От ночи к ночи, из города в город

Майк Эйдельберг
                Дональд Бартельм
                (перевод с английского)

  Их привезла целая флотилия черных правительственных "Ситроенов". Одетые в коричневые жакеты, группа посетителей из Китая двигалась перед нами через залы Версаля. Люди среднего возраста, грузные, очевидно, важные - где-то тридцать человек. На входе в следующий зал каждый раз нас останавливал охранник, не позволяя войти, пока китайцы не заканчивали осмотр экспозиции. Они весьма непринужденно обсуждали между собой коллекцию Версаля, и вместе с тем, не производя при этом лишнего шума, проявляя свойственную им воспитанность.
  Я спросил дочь, что она думает о Версале. Ей показался он чрезмерно роскошным.
  Ладно, допустим.
  Снова Париж. Спустя годы, уже без Анны. Мы отдыхали в гостиничном номере с окнами, выходящими во двор. Позже, через открытое окно мы услышали, как от удовольствия застонала женщина, делая это все громче и с нарастающей страстью. Припав друг к другу, мы оба налились краской.

  Именно сейчас над средним Манхеттеном солнечное небо, температура воздуха - сорок два градуса по Фаренгейту.

  В Стокгольме мы поедали стэйки из оленины. Я поделился с премьер-министром... что цены на выпивку слишком высоки. Двадцать долларов за бутылку "J&B"(!) Он (Олаф Палме), надо полагать, больше из вежливости, согласился, после чего объяснил, что они таким образом финансируют армию. Конференция, на которую мы прибыли, проходила в пансионате для рабочих, где-то в стороне от города. Без зазрения совести я потребовал кровать на двоих, но таковых не было, и мы придвинули одну к другой. Израильский журналист сидел у нас в комнате, потягивая наш недешевый виски и посвящая нас в дьявольскую политику Ликуда. Затем у нас было время, чтобы немного пройтись или сыграть с африканцами.

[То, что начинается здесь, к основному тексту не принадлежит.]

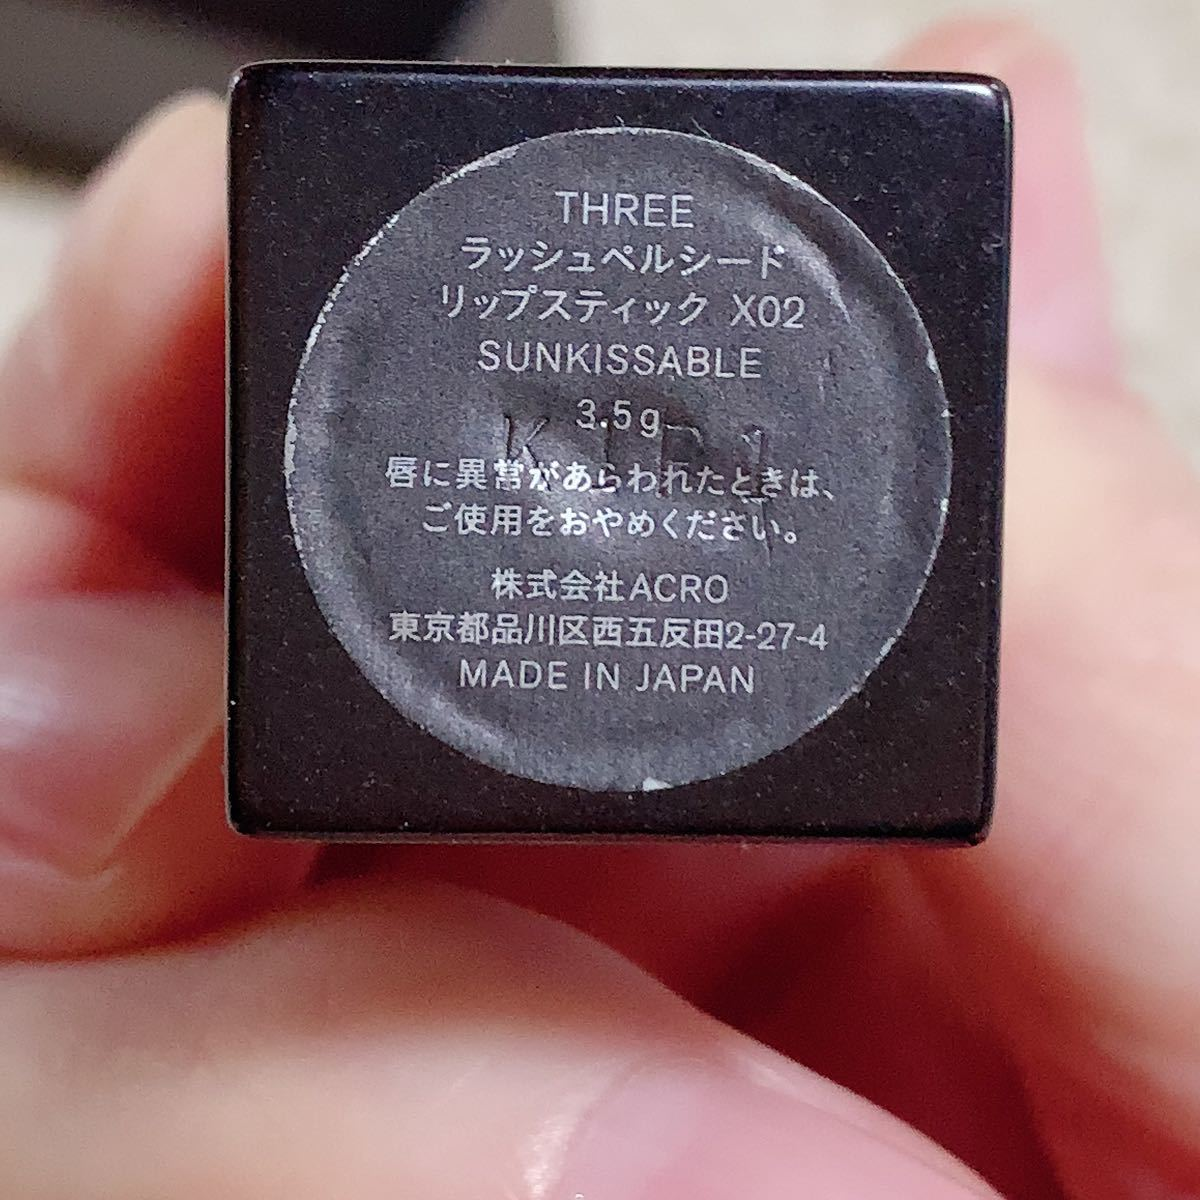 THREEラッシュペルシードリップスティックX02

Поэт, который в то время был министром культуры, рассказал, зачем на лужайке перед своим министерством сжег рояль: "Это огромное пианино никак не являлось национальным инструментом Уганды".
  Корабль проплывал между разбросанными островами. Романист, приехавший откуда-то из стран Варшавского Договора, попросил, чтобы по возвращению в Нью-Йорк, мы взяли с собой у него папку с бумагами. Для него это было очень важно.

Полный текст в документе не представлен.